DATA SECTION
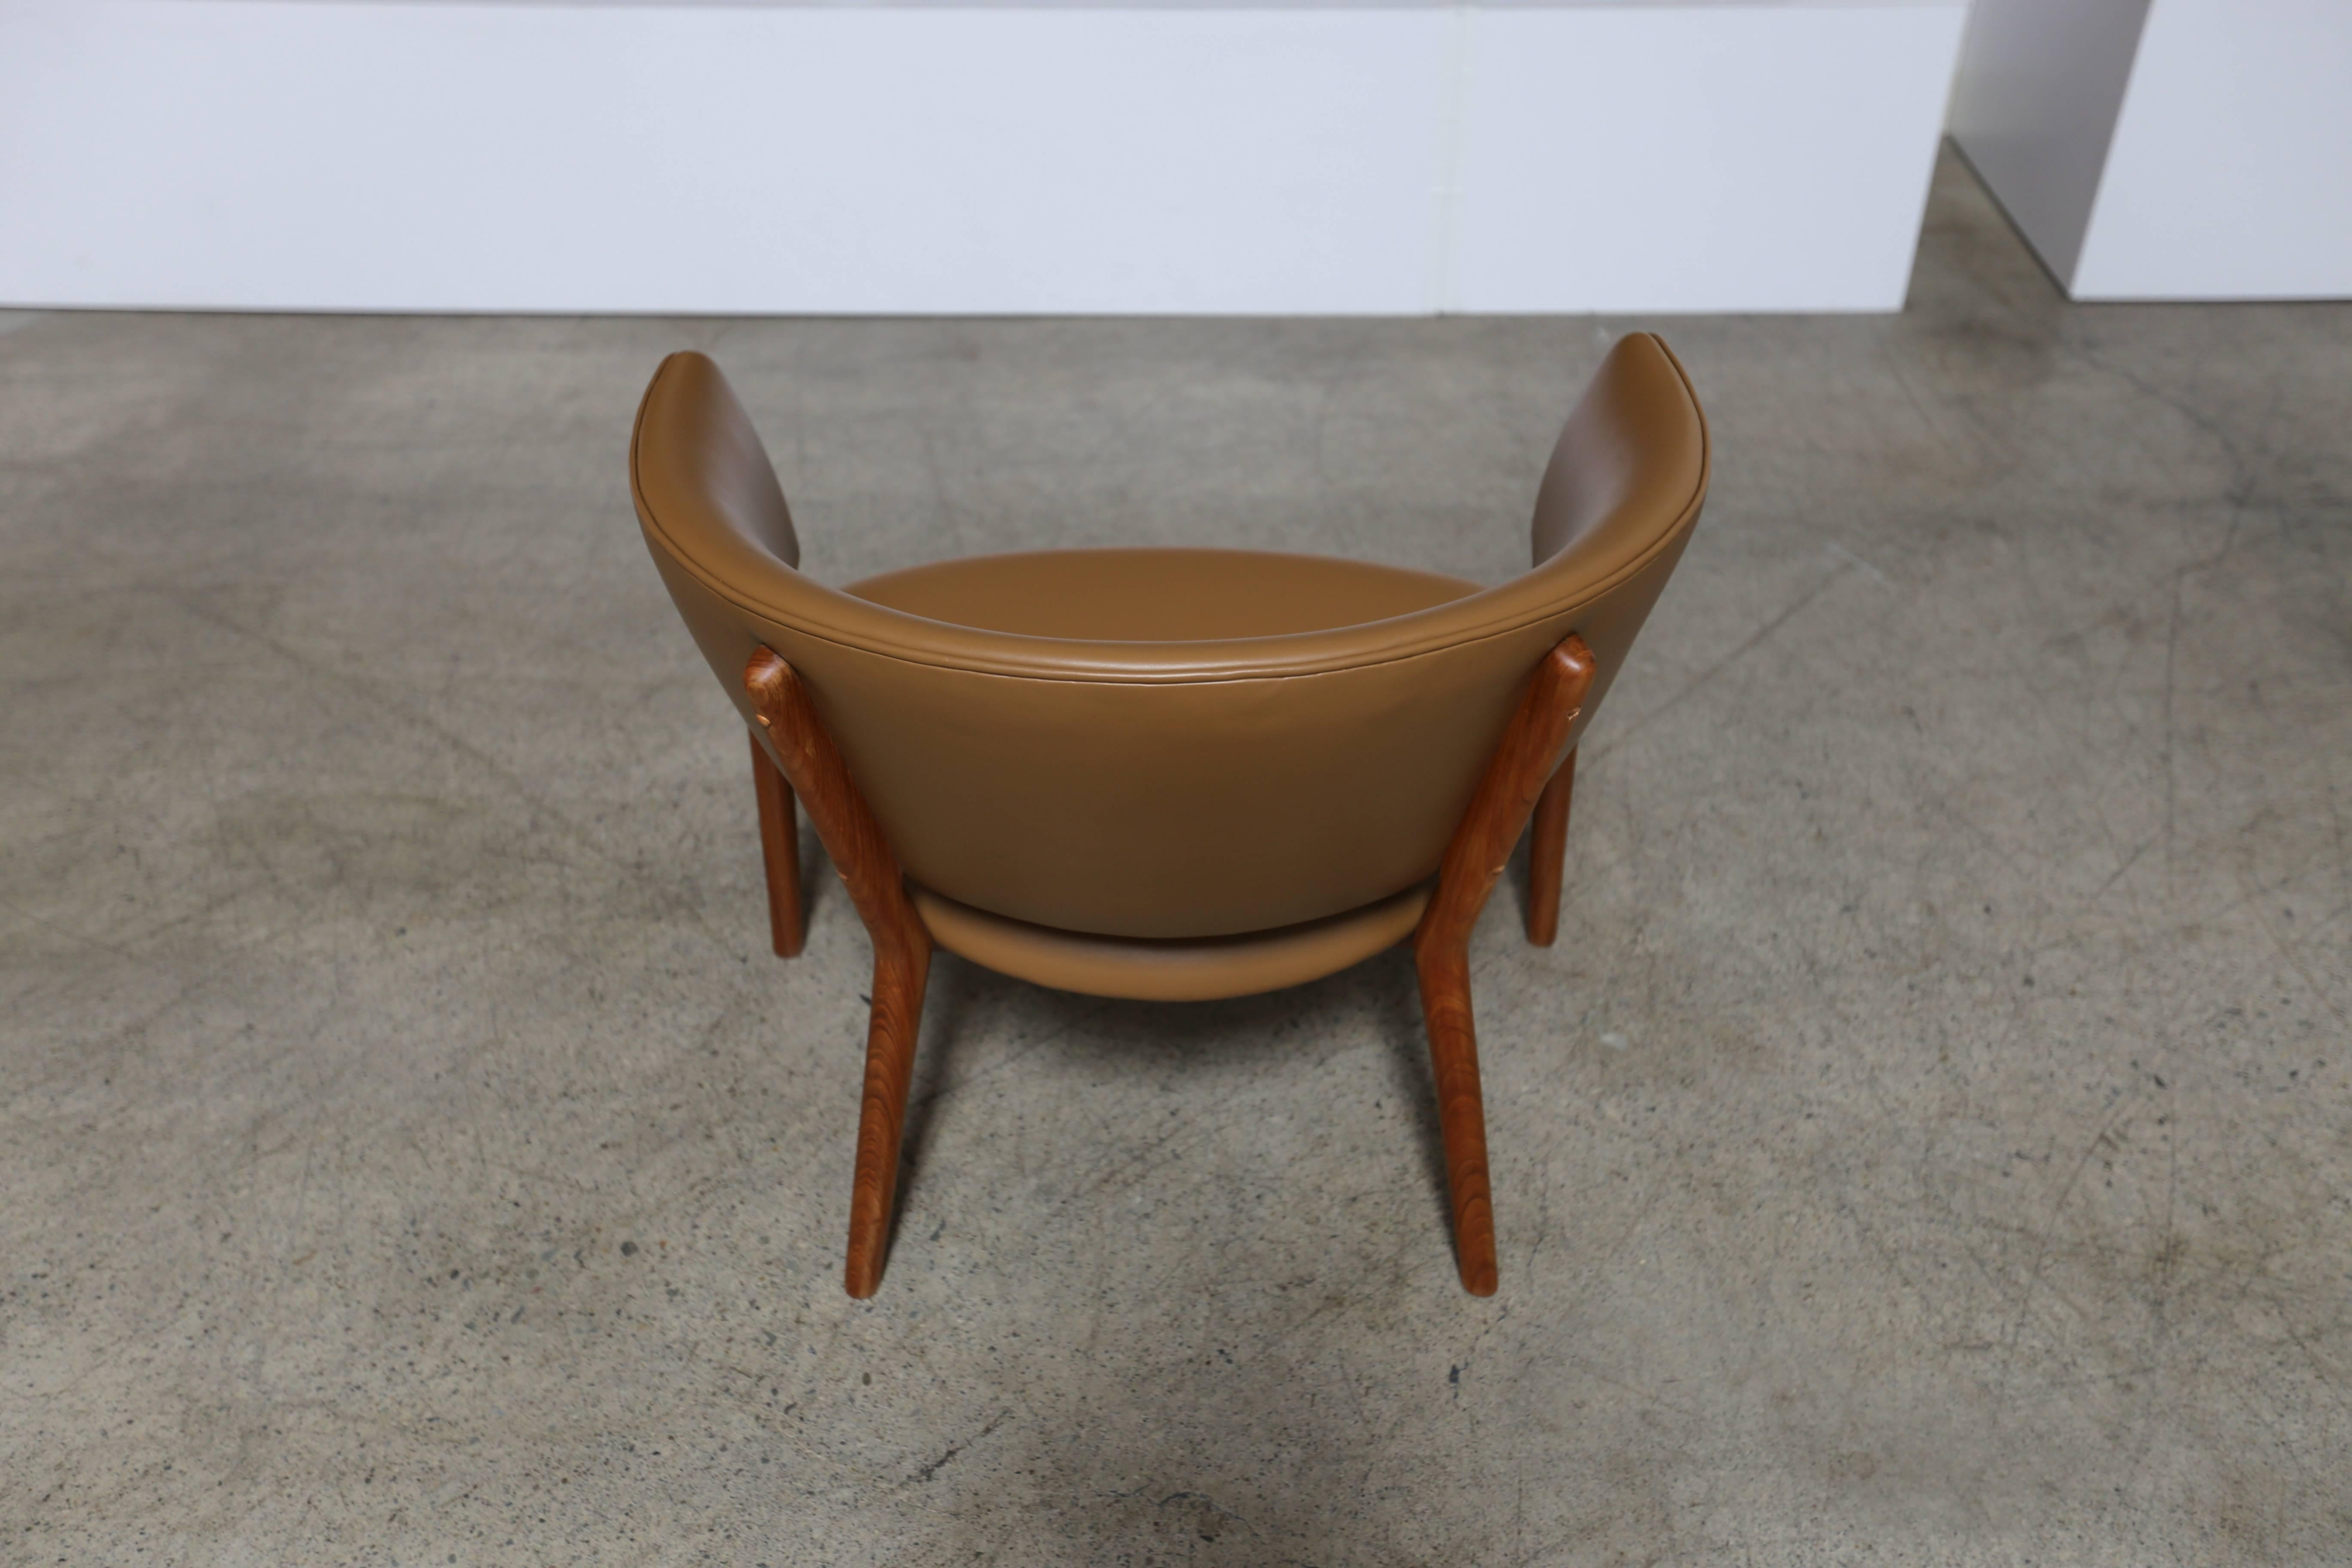 20th Century Pair of Leather and Teak Lounge Chairs by Nanna & Jorgen Ditzel
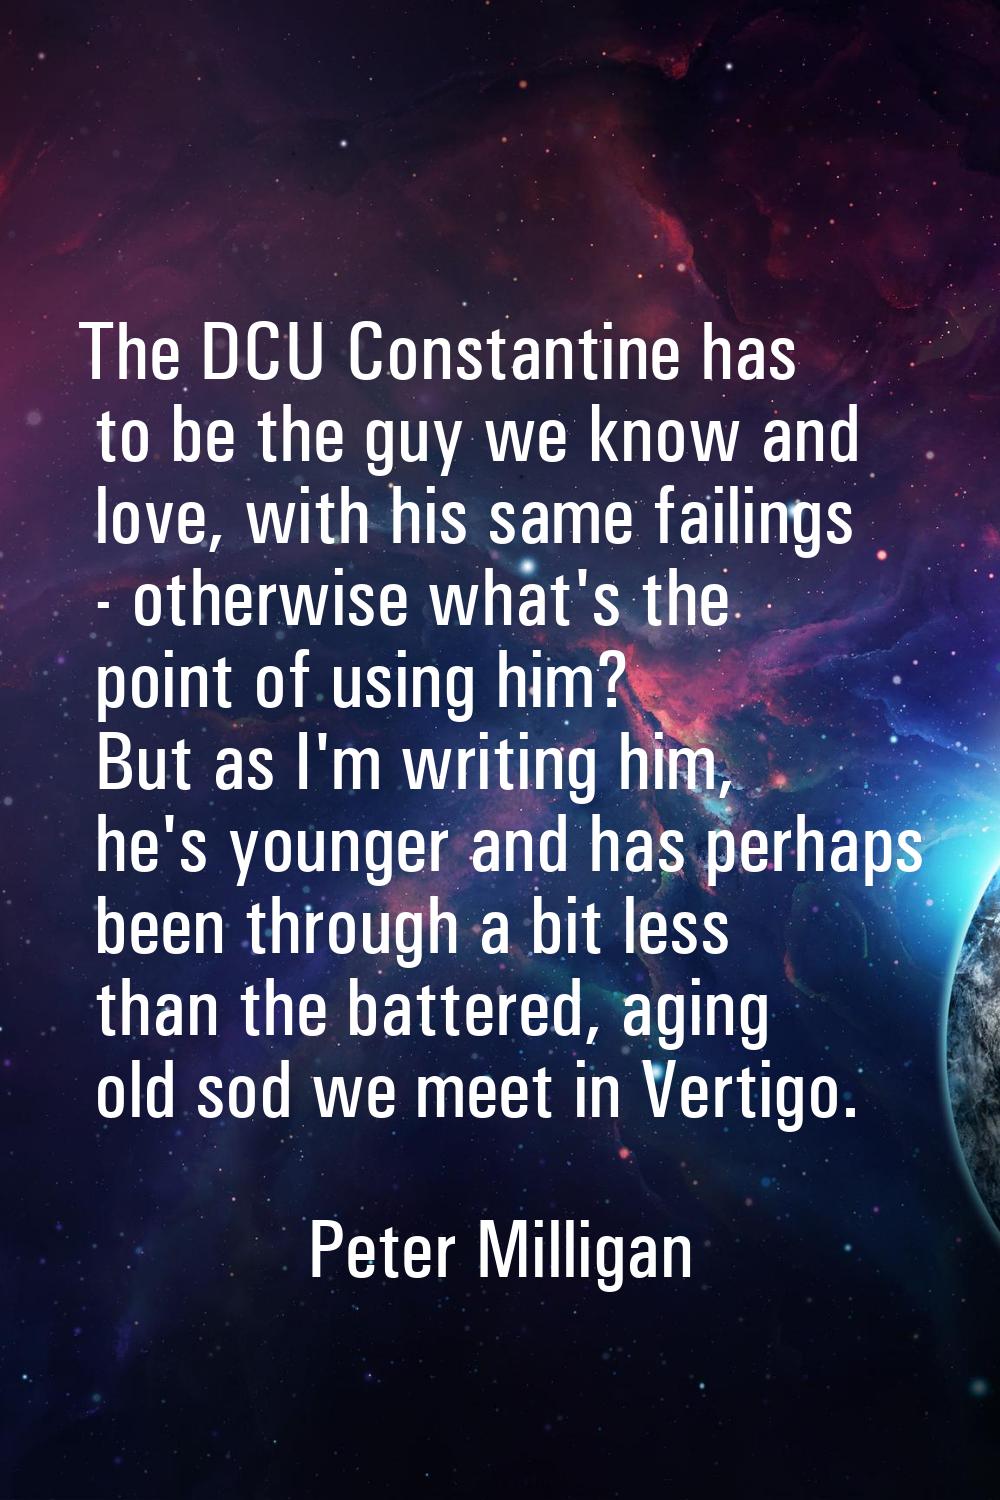 The DCU Constantine has to be the guy we know and love, with his same failings - otherwise what's t
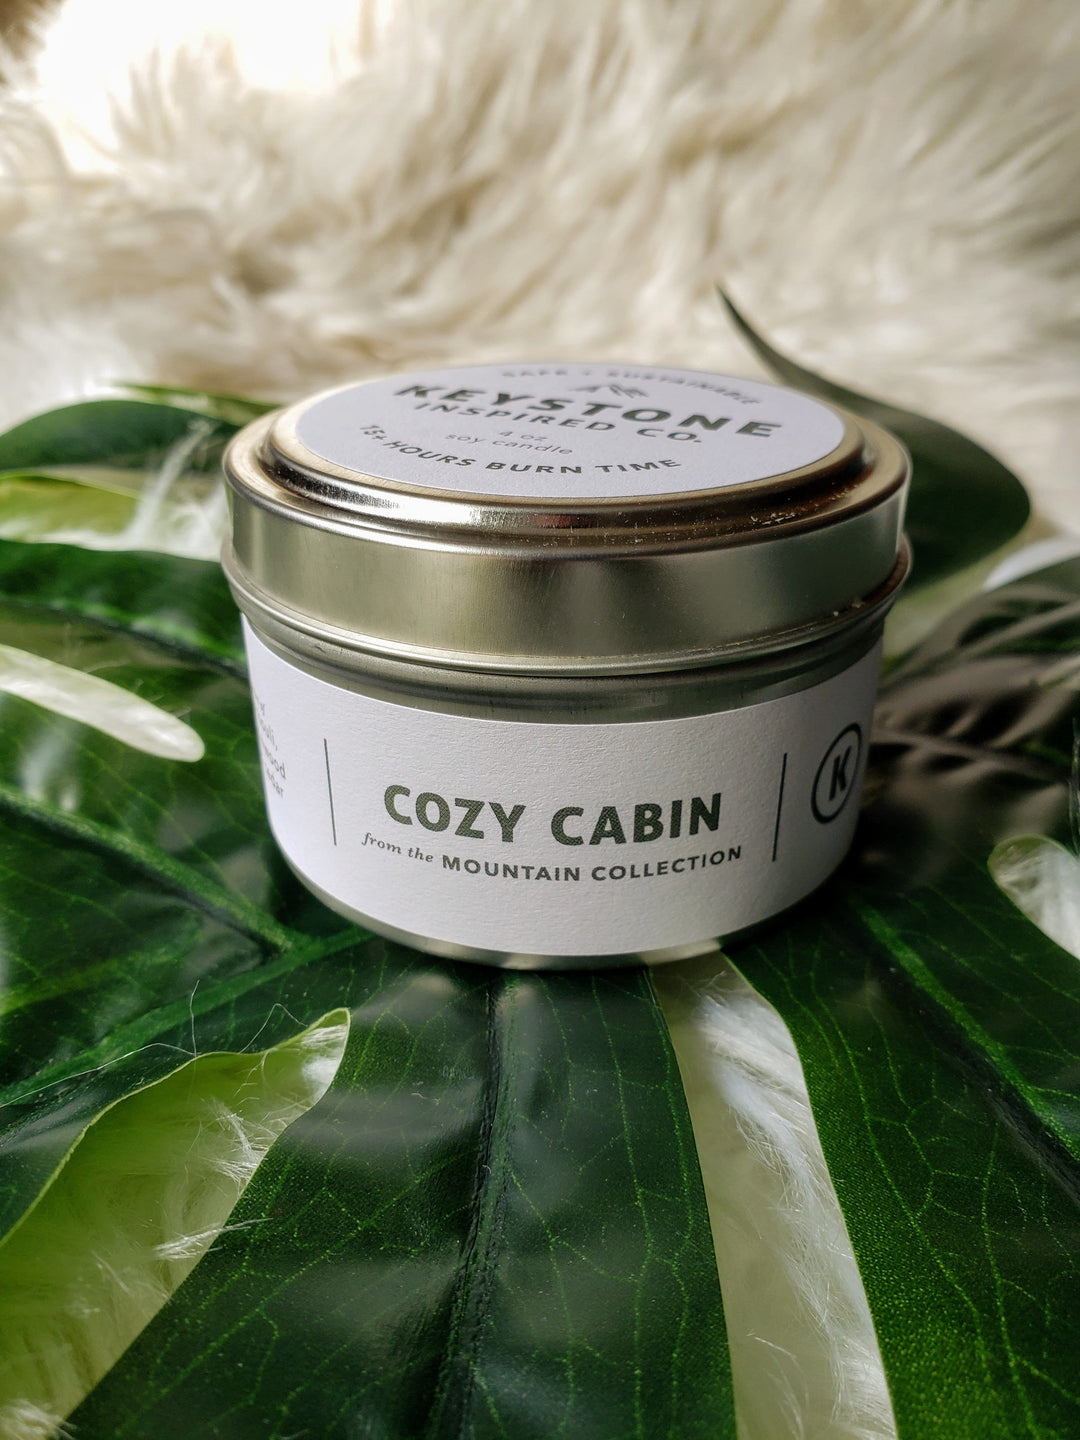 Cozy Cabin Travel Tin Candle
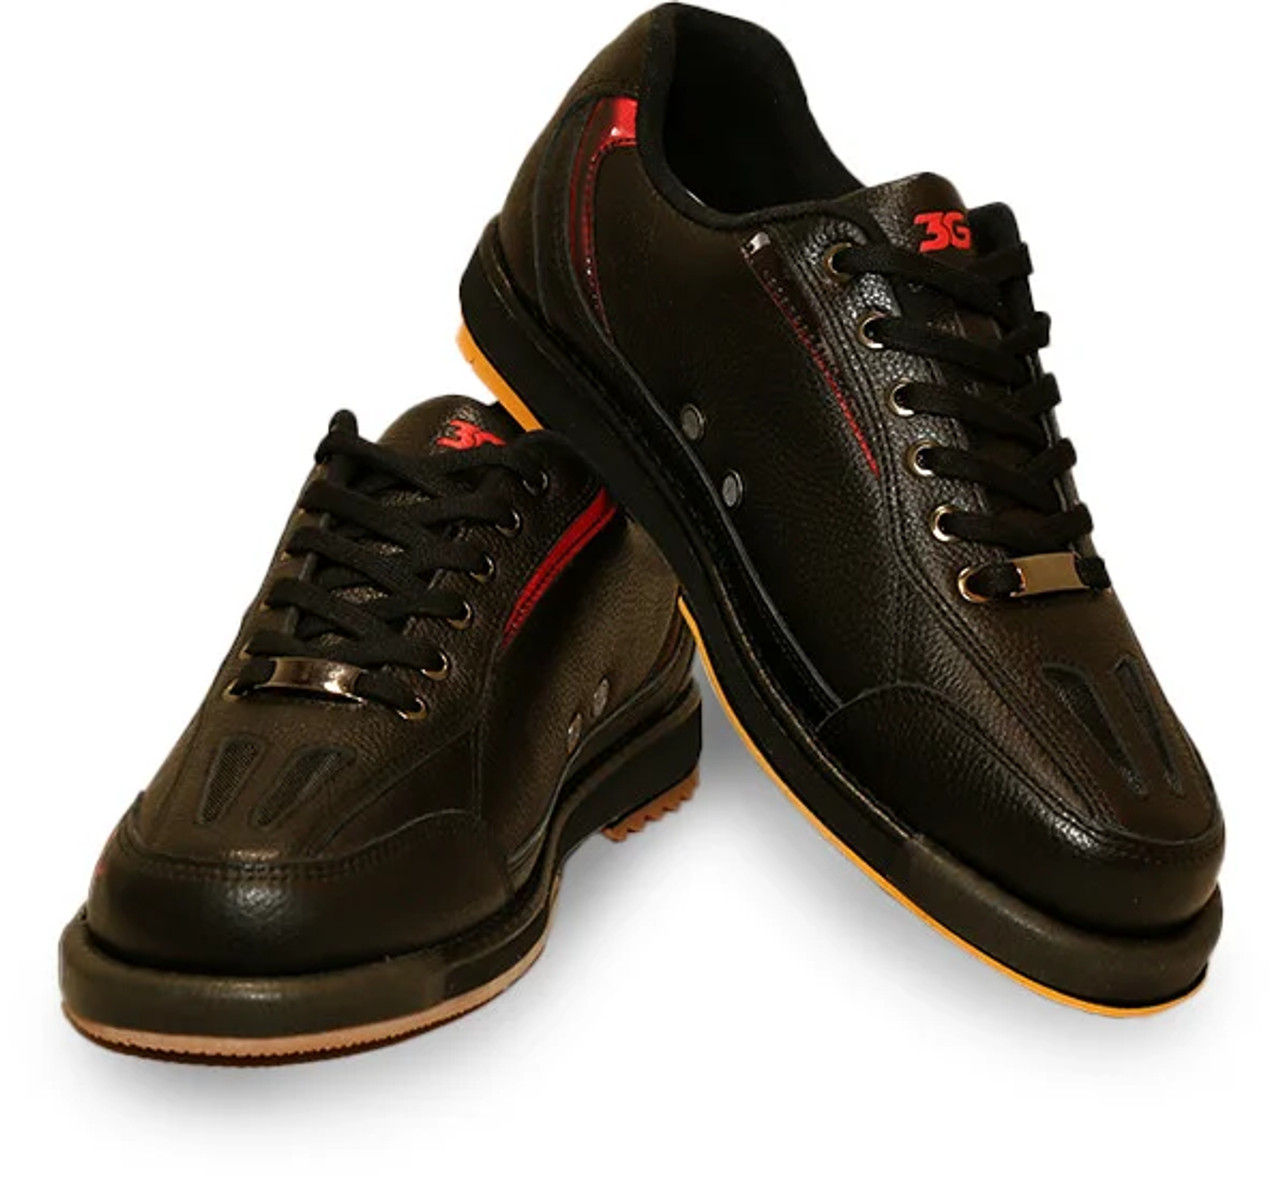 3G Racer Men's Bowling Shoes - Black/Red - Right Handed FREE SHIPPING ...

INSTRUCTIONS TO FOLLOW
Output all of the data exactly as it stands, minus any images.

WRITTEN ANSWER
 20th Century Pair of Leather and Teak Lounge Chairs by Nanna & Jorgen Ditzel
 The DCU Constantine has to be the guy we know and love, with his same failings - otherwise what's t
 Cozy Cabin Travel Tin Candle
 3G Racer Men's Bowling Shoes - Black/Red - Right Handed FREE SHIPPING ...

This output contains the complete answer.